Explaining the terrorism of Anders Breivik: the emergence of a global arena, argues Faisal Devji, has led to the paradoxical internalization of new conflicts within old political structures.
IN THE AFTERMATH of 9/11 it became clear that al Qaeda’s novelty was twofold. On the one hand it sought to occupy a global arena that does not yet possess any political institutions of its own. Militants therefore sidestepped the international order and its institutions, which are all grounded in nation-states, to invoke a planetary Muslim community lacking political form. On the other hand al Qaeda’s very evasion of the international order made its violence into a domestic concern for a variety of states, with the absence of an institutional politics at the global level turning militancy itself into a decentralized and even individual practice that emerged not from some remote place or foreign ideology but rather from western societies themselves. So it is evident that however dispersed it was geographically, al Qaeda never posed an existential threat to any nation state but instead, and very tellingly, created the possibility of internal strife within each one.
The Global War on Terror attempted to externalize this new kind of conflict in a conventional way by territorializing it in places like Afghanistan and Iraq, but was unable to prevent the domestic strife that it produced in the West. In its initial phase such conflict was manifested in the extraordinarily divisive politics of Left and Right that marked the War on Terror. And now that the threat of al Qaeda appears to have receded without this war itself having been won, civil strife seems to be taking the form of a “clash of civilizations” between majority populations in Western Europe or North America and their Muslim minorities. In other words we see a global understanding of antagonism playing itself out in the domestic arena, as indeed had the politics of race or class in the past.
Unlike al Qaeda, however, which tried to sidestep the international order, the anti-Muslim activism so well represented in the realm of ideology by the Norwegian terrorist Mr. Breivik, is still connected to the old politics whose institutions it nevertheless rejects. For his lengthy testament is conceived as a declaration of European independence, referring in this way to the still ambiguous political status of a union that possesses a divided sovereignty at best. So while it is common for journalists and indeed analysts of all kinds to account for anti-Muslim feeling by looking at Muslim immigration and (non) integration, the emergence of a global arena and the formation of new political institutions like the European Union might well provide such views with their true context.
When the “mass” immigration of Muslims (and others from Africa and Asia) was actually occurring during the 1960s and 1970s, it was race and not religion that constituted the language of conflict in Europe, with Islam only coming to dominate it by the end of the 1980s at the earliest. But while the polity to be defended against racial or even cultural difference in the past was still the nation state, Islam’s antagonist today can only be a global actor like Europe, the West or even the non-Muslim world -- none of which possess any conventional political reality. In fact they are mirror images of categories like the planetary Muslim ummah, which has -- at best -- only an intermittent reality in events like the global mobilizations over insults occasionally said to be delivered Muhammad in books, newspapers or speeches.

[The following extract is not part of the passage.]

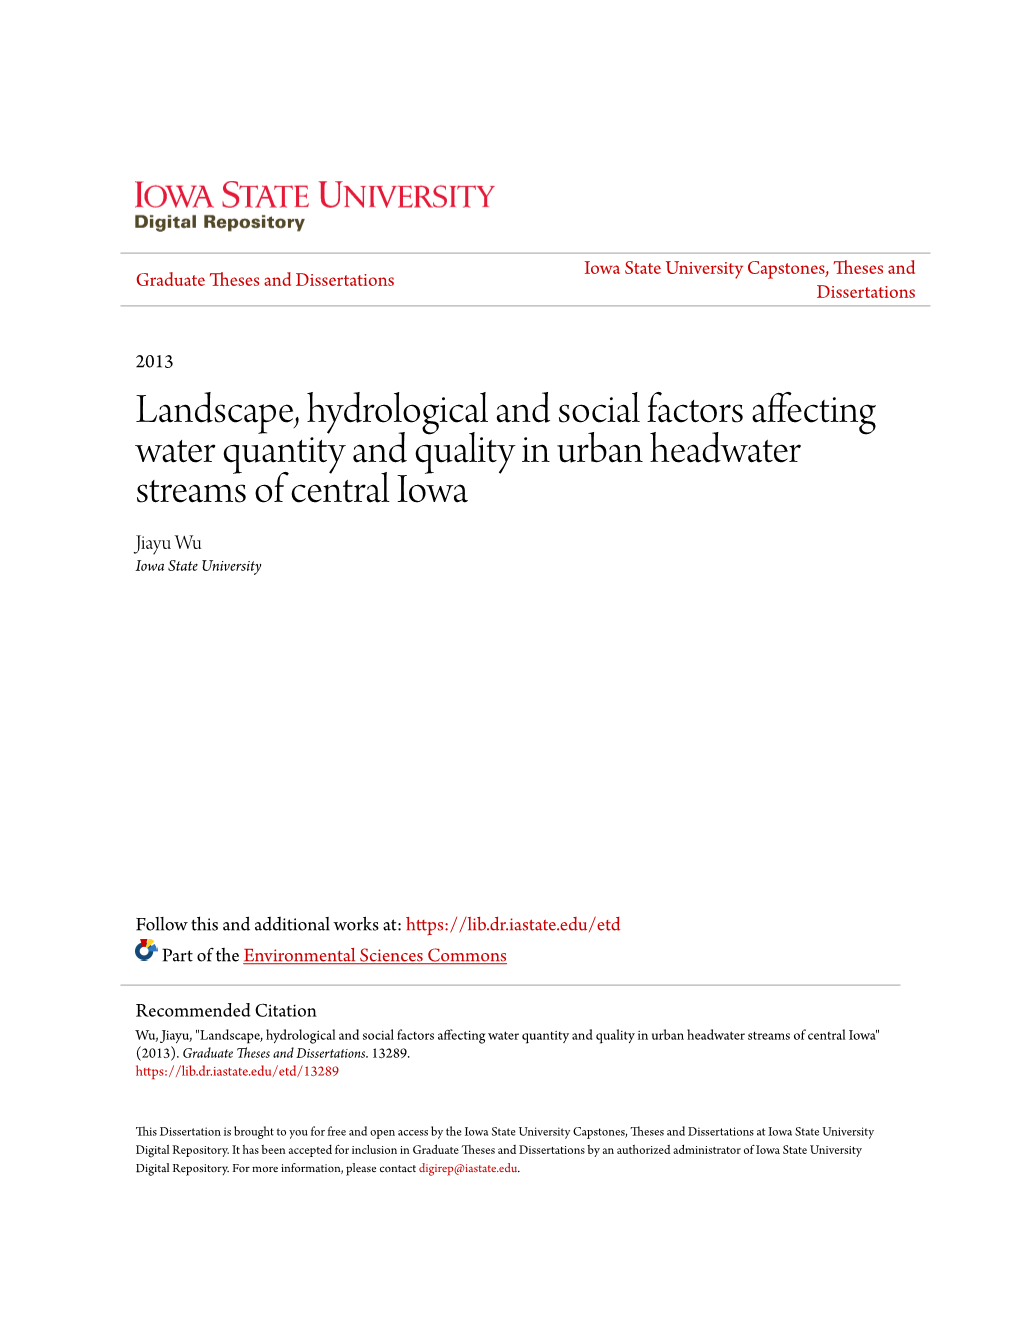 Landscape, Hydrological and Social Factors Affecting Water Quantity and Quality in Urban Headwater Streams of Central Iowa Jiayu Wu Iowa State University

Precisely because the global arena possesses no political reality, the language of those who fear or would occupy it must turn to the imagined past for its categories. And interesting about the categories deployed by al Qaeda’s militants as much as anti-Muslim activists is the fact that their provenance is almost entirely confined to the days of European colonialism. So pan-Islamism and theories about a revived caliphate date from this period, when they were factors in the politics of imperialism. Curious about the language of anti-Muslim feeling, however, is the fact that it invokes the very fears that formerly colonized peoples once had about Europeans. This includes the threat of conversion and cultural annihilation whose most prominent historical examples, of course, are to be found in the fate of indigenous societies in the Americas and Australasia.

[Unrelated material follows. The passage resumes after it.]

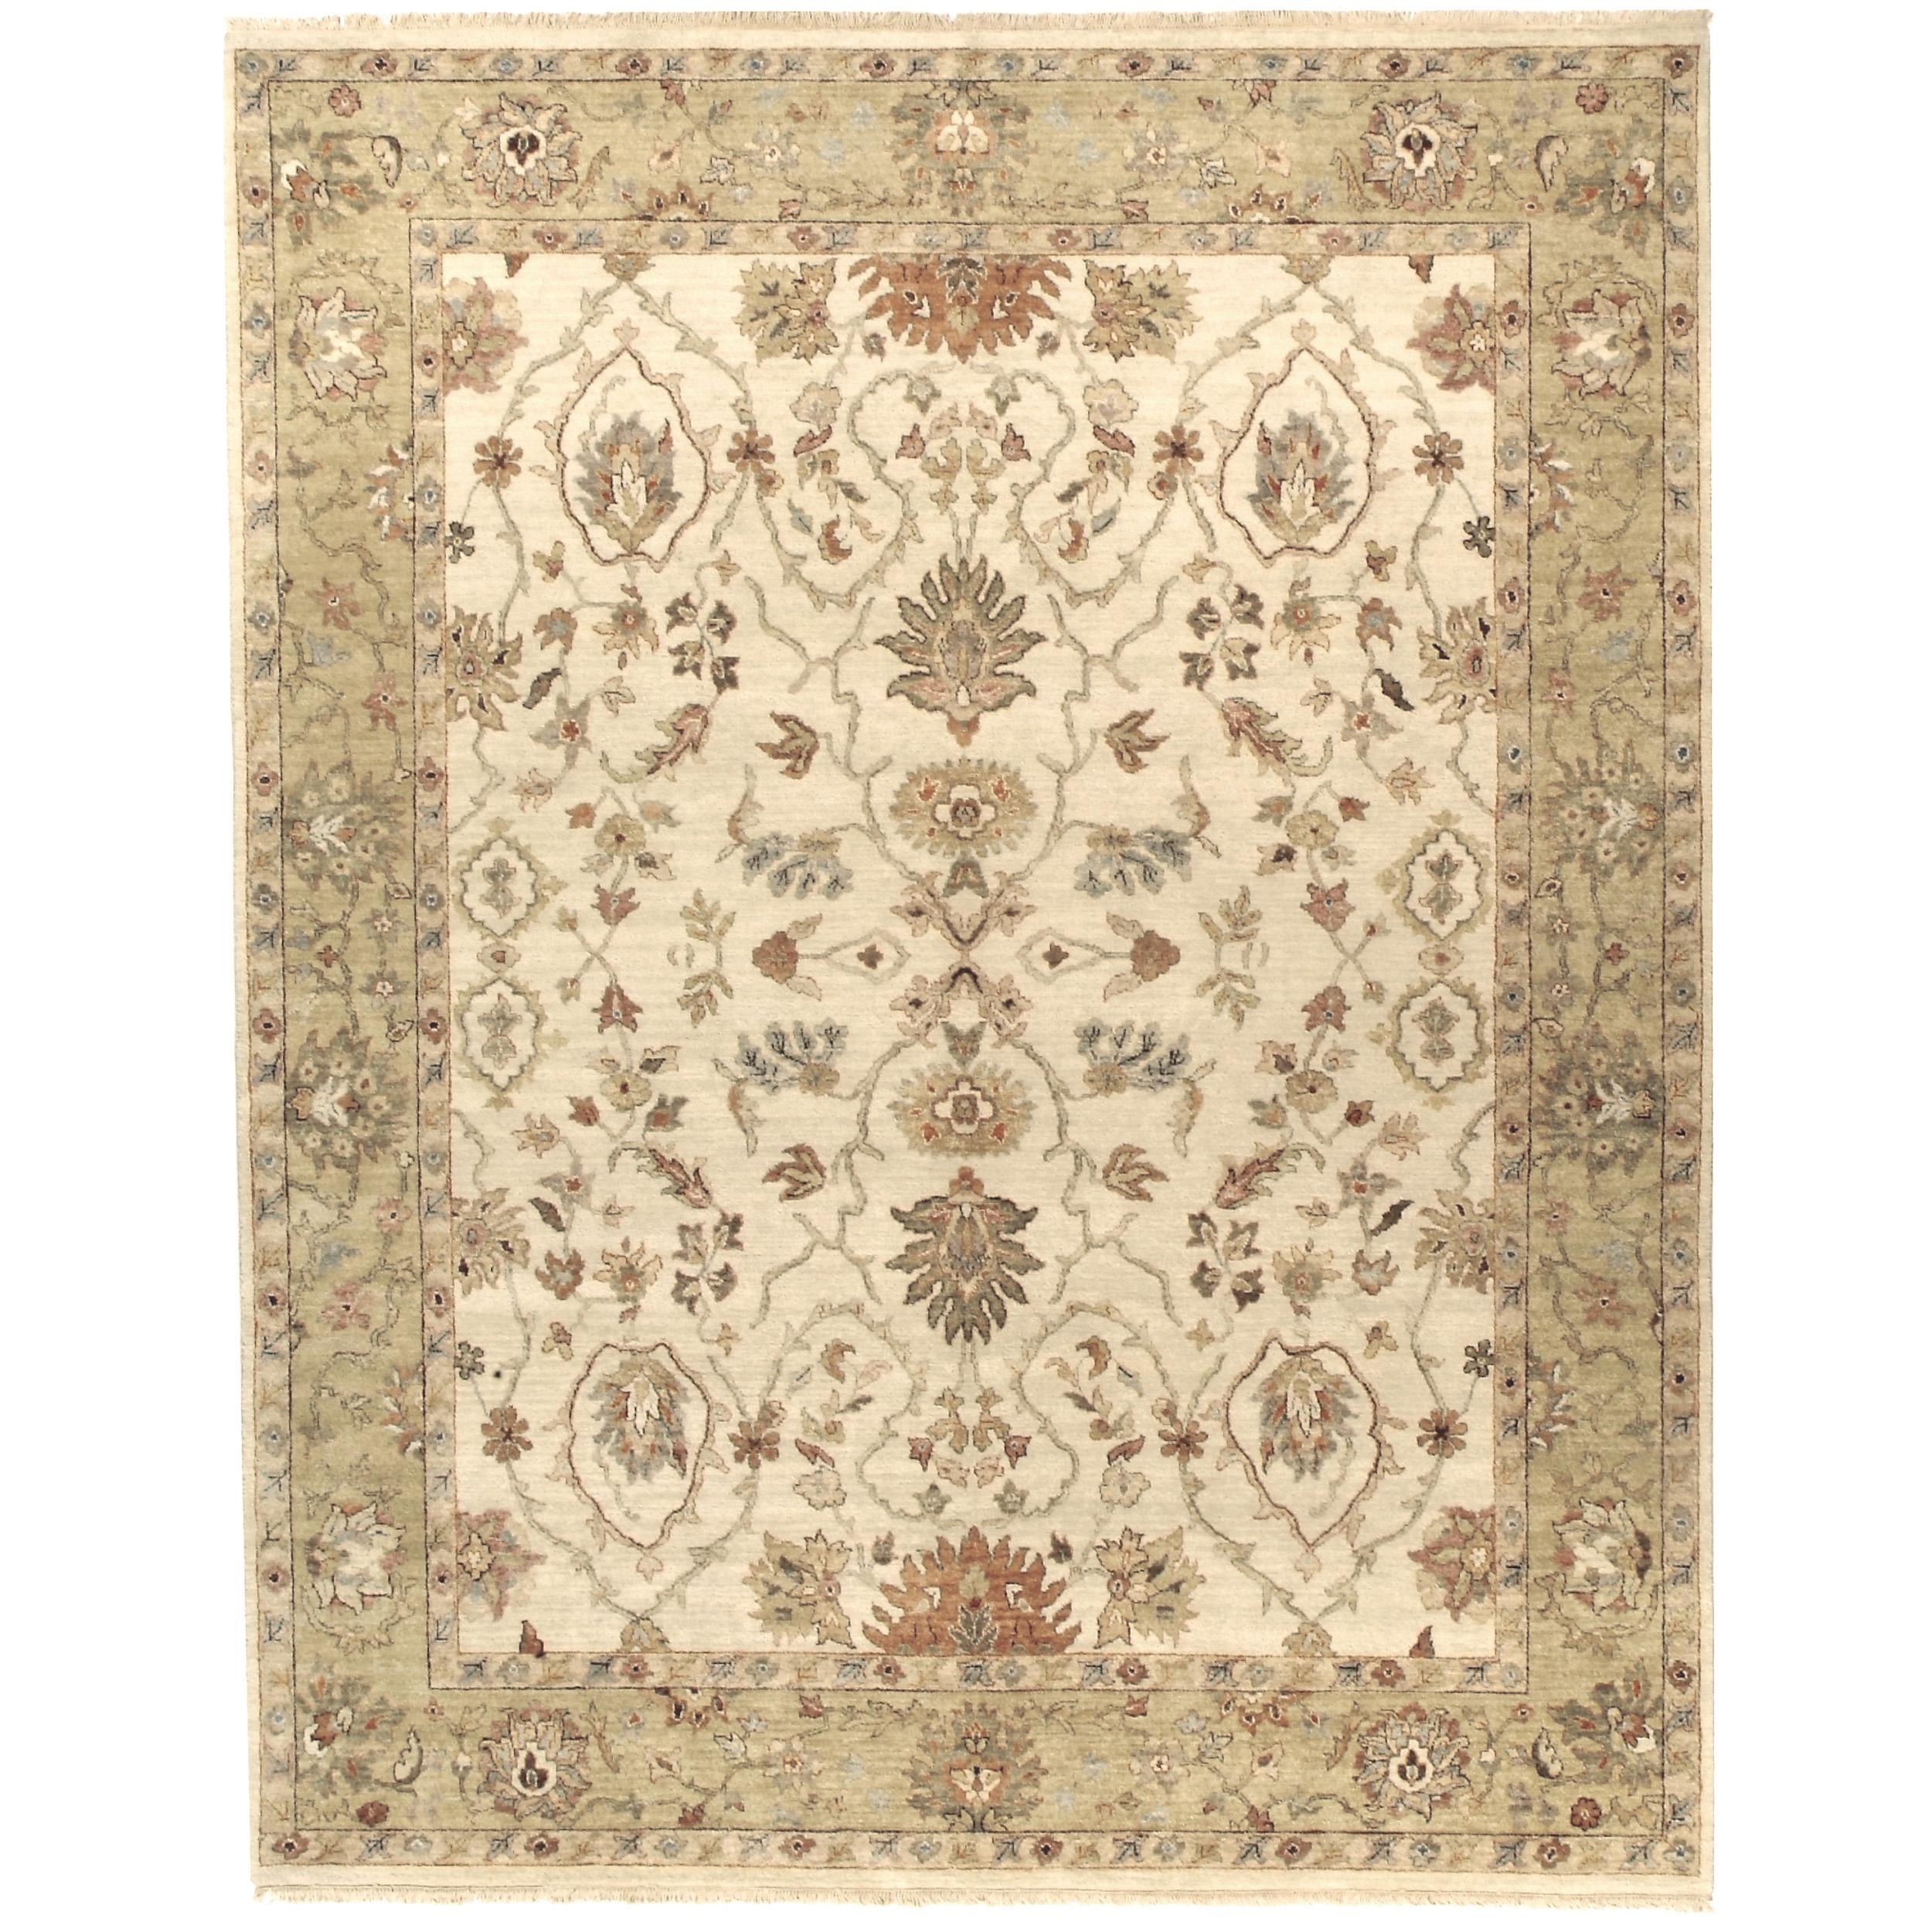 Luxury Traditional Hand-Knotted Cream/Gold 14x28 Rug

Whatever the accuracy of the historical references that both Muslim and anti-Muslim activists make to the distant past of the Islamic conquests or Crusades, it is the unnamed presence of the much more recent colonial past that animates their rhetoric. This suggests that imperialism remains an unresolved issue, not least because its complexity reduces to dust all the dualistic oppositions between Islam and the West that are so popular among polemicists on all sides. How would Mr. Breivik, for instance, account for the fact that large numbers of Muslims fought to liberate Europe in both World Wars, mostly as part of volunteer armies without which allied victory would have been inconceivable? The unnamed colonial past, then, is important here not because it represents the origin of any conflict between Muslims and Christians, natives and migrants, but instead because it breaks with such conflict, constituting a false historical link between a complex past and a yet unknown future.
The emergence of a global arena, I have argued, has led to the paradoxical internalization of new conflicts within old political structures. This is as true of “home-grown” Muslim terrorists as it is of anti-Muslim ones like Mr. Breivik, whose attack on fellow Norwegians and hatred of Leftists and multiculturalists does nothing but demonstrate that visions of planetary antagonism cannot be territorialized or held at national borders. They are in fact to be found at the very heart of modern societies. The effort to confine the danger of militancy to Muslim bodies and populations either at home or abroad has failed, since Islam is after all nothing but a cipher for new kinds of conflict that threaten to remake if they do not quite unmake the ethnic and other identities of Europe’s nation states.